ABSTRACT

Cognitive psychologists studying normal bilingual processing have asked whether L1 and L2 share common or independent systems. The history of cognitive research on whether words in the bilingual's two languages reside in integrated or segregated systems has been reviewed extensively (e.g., Brysbaert, 1998; Chen, 1992; De Groot, 1992b, 1993, 1995; Francis, 1999b; Keatley, 1992; Kroll, 1993; Kroll & De Groot, 1997). To illustrate the way in which claims about bilingual lexical representation have been tested, consider the evidence on cross-language repetition priming. When individuals are asked to make a lexical decision in their L1 (i.e., to decide whether a letter string forms a real word or not), the speed of their responses is typically facilitated if a given stimulus was presented earlier in the experiment (e.g., Scarborough, Cortese, & Scarborough, 1977).
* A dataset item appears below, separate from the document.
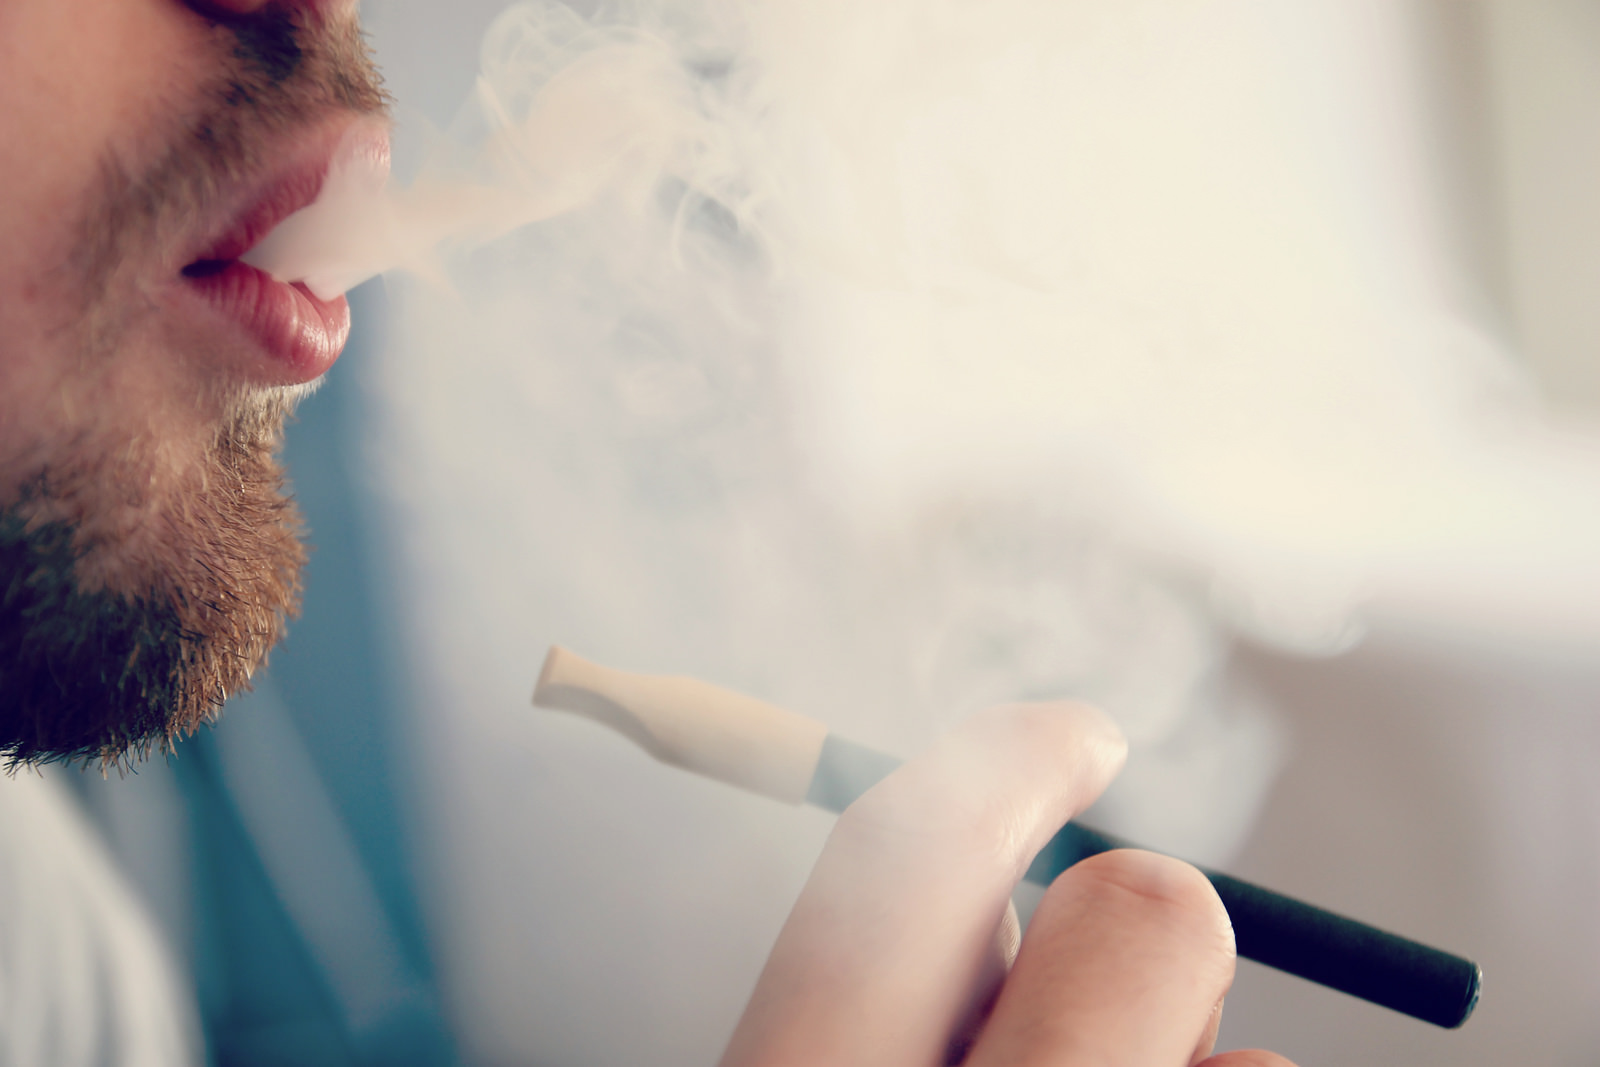 Vaping is Linked to Dangerous Chemicals as Confirmed by Harvard Study

In the bilingual version of the paradigm, cross-language translations are substituted; instead of repeating the same word form twice, a word is presented initially and later its translation equivalent appears. For example a Spanish-English bilingual might first see the letter string HOUSE and then the Spanish equivalent CASA in a second phase of the experiment. If words in a bilingual's two languages are represented in a common lexical representation, then priming should be observed across as well as within languages. The results of many cross-language repetition studies failed to obtain evidence for priming (e.g., Brown, Sharma, & Kirsner, 1984; Gerard & Scarborough, 1989; Kirsner, Smith, Lockhart, King, & Jain, 1984; Scarborough, Gerard, & Cortese, 1984). Given the logic of the empirical test, this failure was interpreted as evidence for separate lexicons for each language.